You’re never quite sure whether Rover is meant to be funny, frightening, a bit of both or neither. It’s a quality that sums The Prisoner up. To most people it seems, or seemed, a typically naff bit of meandering, a product of the time that also served up the Beatles’ rambling, almost unwatchable, TV film Magical Mystery Tour.

But over the last few years, as the public sphere of Western society has taken a very odd and unexpected turn, I couldn’t help thinking more and more of The Prisoner, and specifically the Village. While The Prisoner shares many concerns with Nineteen Eight-Four, it now seems that McGoohan (who co-created it, and wrote and directed many of the episodes) got it more right than Orwell — and did so in a Sunday night mainstream TV show with ad breaks, punch-ups and dolly birds.

The Village is just the backdrop to thriller stories that are inventive and unusual, though they’re recognisably of the same genre as Ian Fleming or Len Deighton. There’s a whole futuristic underground base beneath the Village of the kind Sean Connery is always blowing up. And on its surface level The Prisoner works as a spy story with a unique twist, Bond transplanted into a totally oppositional setting. But that backdrop now seems by far the most striking and relevant thing about it.

Unlike the shoddy goods and deprivation of Airstrip One in Nineteen Eight-Four, the Village is an affluent society, an apparently quite attractive place to be. It’s certainly not a communist hellhole; no cage was ever more gilded. Consumer goods are plentiful, all branded with the Village’s meaningless penny farthing logo. People are punctiliously polite and convivial until the very moment somebody (and it’s almost always McGoohan) starts asking questions or strikes a sour note. Then they either evade, pretend not to hear, get nervous, or run away. “A still tongue makes a happy life” and “Questions are a burden to others” are two of the Village’s often-parroted slogans at these moments. Inquiries about the location or history of the Village are particularly unwelcome — it’s just ‘very cosmopolitan’ and ‘international’.

There are regular applause sessions for “valued members of the community” — “they do a marvellous job!” Art is there merely to reproduce Village symbols, and has no value as beautiful or diverting in and of itself. Even sport and play are ideological: there’s ‘kosho’, a bizarre hybrid involving baseball gloves, helmets and trampolines, or human chess, which is monitored in case anybody makes a suspiciously individualistic move.

The parades and festivities are never-ending. It’s always Pride Month of a kind in the Village. A particularly good example is ‘Appreciation Day’, the climax of which is the unveiling — to much hooraying — of a stone monument that says simply ‘Achievement’.

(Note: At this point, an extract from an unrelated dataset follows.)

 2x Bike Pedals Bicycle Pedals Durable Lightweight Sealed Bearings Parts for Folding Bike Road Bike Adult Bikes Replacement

And the Village is nothing if not progressive — at one point, during the election campaign, Chief Administrator Number 2 ends a stump speech by calling, “We know what we must do! What must we do?” A lackey holds up a board reading “PROGRESS” and the crowd dutifully chants it back. The recent ‘Progress Pride’ flag — updated to be even more inclusive, and displayed on the Twitter profile of the House Of Commons, for heaven’s sake — features a large red umbrella that’s so Village it’s hard to believe it wasn’t intentional.

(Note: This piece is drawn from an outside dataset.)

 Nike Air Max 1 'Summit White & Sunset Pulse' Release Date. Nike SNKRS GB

Definitely the most eyebrow-raising episode in our current times is ‘A Change Of Mind’, in which McGoohan’s character is cancelled by a mob of ‘public-minded citizens’. A particularly heinous anti-social misdemeanour sparks this cancellation: he builds his own gym equipment and refuses to use the Village sports facilities. But this offence is merely a pretext. He’s taken before a ‘committee of social affairs’ and makes the very unwise move of mocking it.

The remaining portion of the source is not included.